Jogada eleitoral

Presidente da Argentina, Fernández, ataca o Judiciário e aumenta a tensão com opositores

Ele abriu as sessões legislativas de seu último ano no poder com cartada para tentar a reeleição

Brasil de Fato | Buenos Aires, Argentina |
Reencontro: Alberto Fernández ao lado de Cristina Kirchner durante a abertura das sessões legislativas ordinárias do ano, nesta quarta-feira (1). - Casa Rosada

A cada 1º de março na Argentina, o presidente da Nação inaugura oficialmente as sessões legislativas do ano no Congresso Nacional, em um ato carregado de simbolismo político e que tende a marcar a pauta do governo nacional naquele ano. 

Assim foi como o presidente Alberto Fernández discursou energicamente durante duas horas no Congresso na tarde desta quarta-feira (1), não sem tensões, diante de opositores e os juízes da Corte Suprema, que são alvo de um julgamento político aberto pelo presidente e governadores.

Ao seu lado, estavam a presidenta da Câmara dos Deputados, Cecilia Moreau, e a vice-presidenta da Nação, Cristina Kirchner. Com brigas e rachas que marcam o clima interno da coalizão governista Frente de Todos, este foi o primeiro encontro entre o presidente e sua vice após 8 meses.

Judiciário na mira

“Em um mundo onde suportamos tentativas desestabilizadoras de poderes midiáticos e minorias intensas, é um orgulho celebrar 40 anos de democracia”, disse Fernández ao início de seu discurso, em referência ao aniversário da redemocratização do país após a última ditadura militar.

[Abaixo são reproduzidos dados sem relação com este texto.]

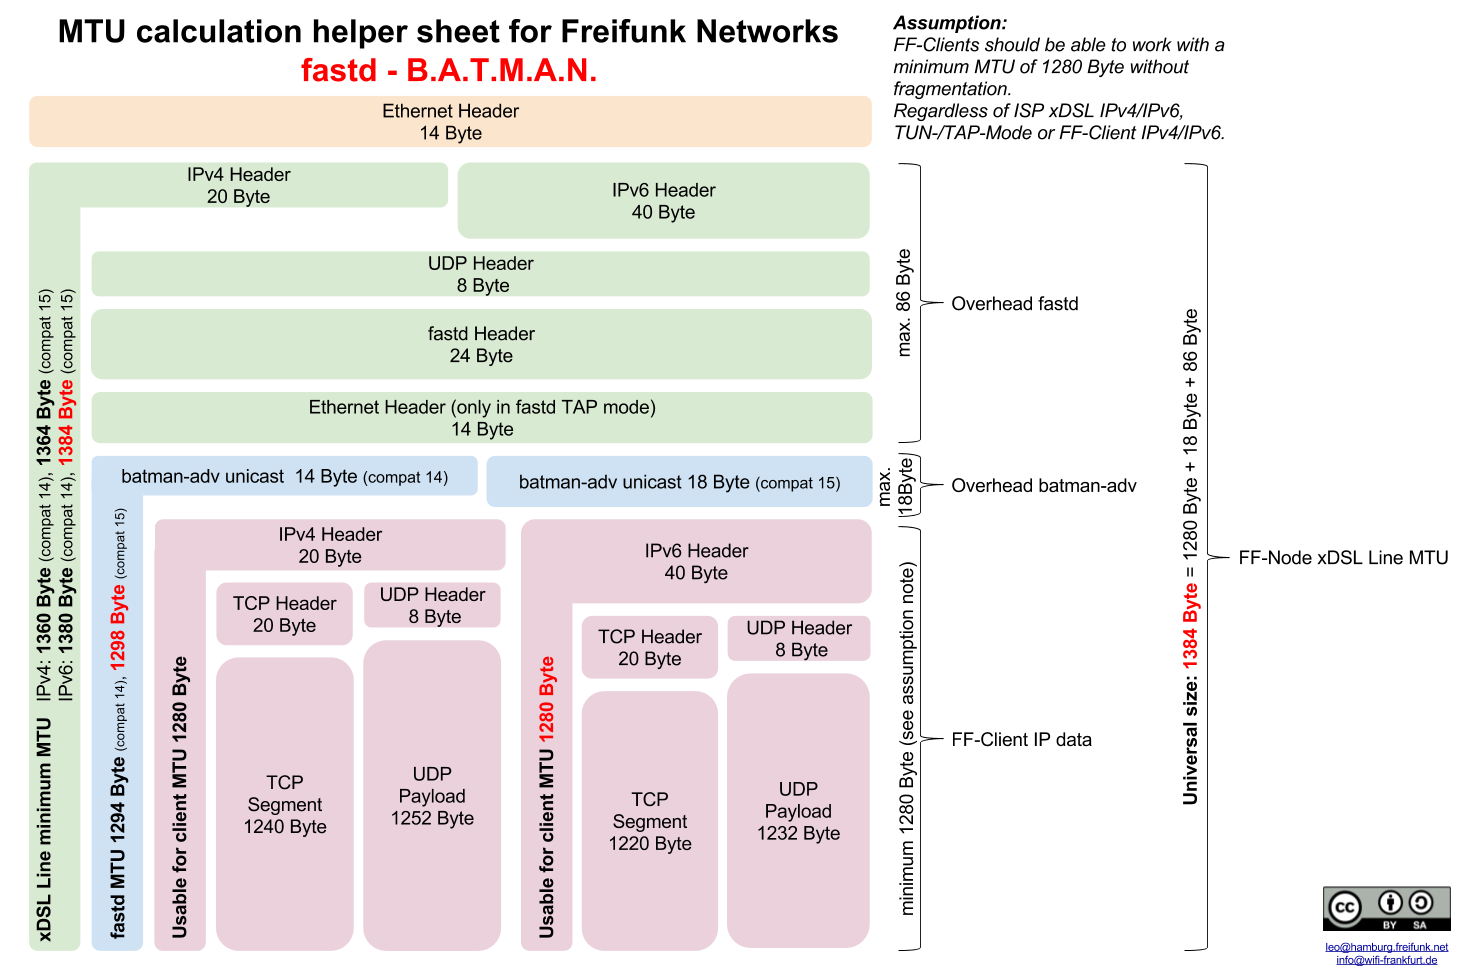 _images/MTU-calculation-helper-sheet-for-Freifunk-Networks.png

Um fator surpresa foi o gesto que o presidente argentino fez à vice: pediu para a Justiça julgar e condenar os autores materiais e intelectuais do atentado contra a vida de Cristina Kirchner, em setembro do ano passado.

“Peço que atuem com a mesma primazia com que arquivaram os processos contra juízes e empresários poderosos”, disse, em referência às investigações sobre os vínculos entre membros da Corte Suprema e funcionários do Proposta Republicana, partido do ex-presidente Mauricio Macri e do atual prefeito do distrito mais rico do país, a Cidade Autônoma de Buenos Aires.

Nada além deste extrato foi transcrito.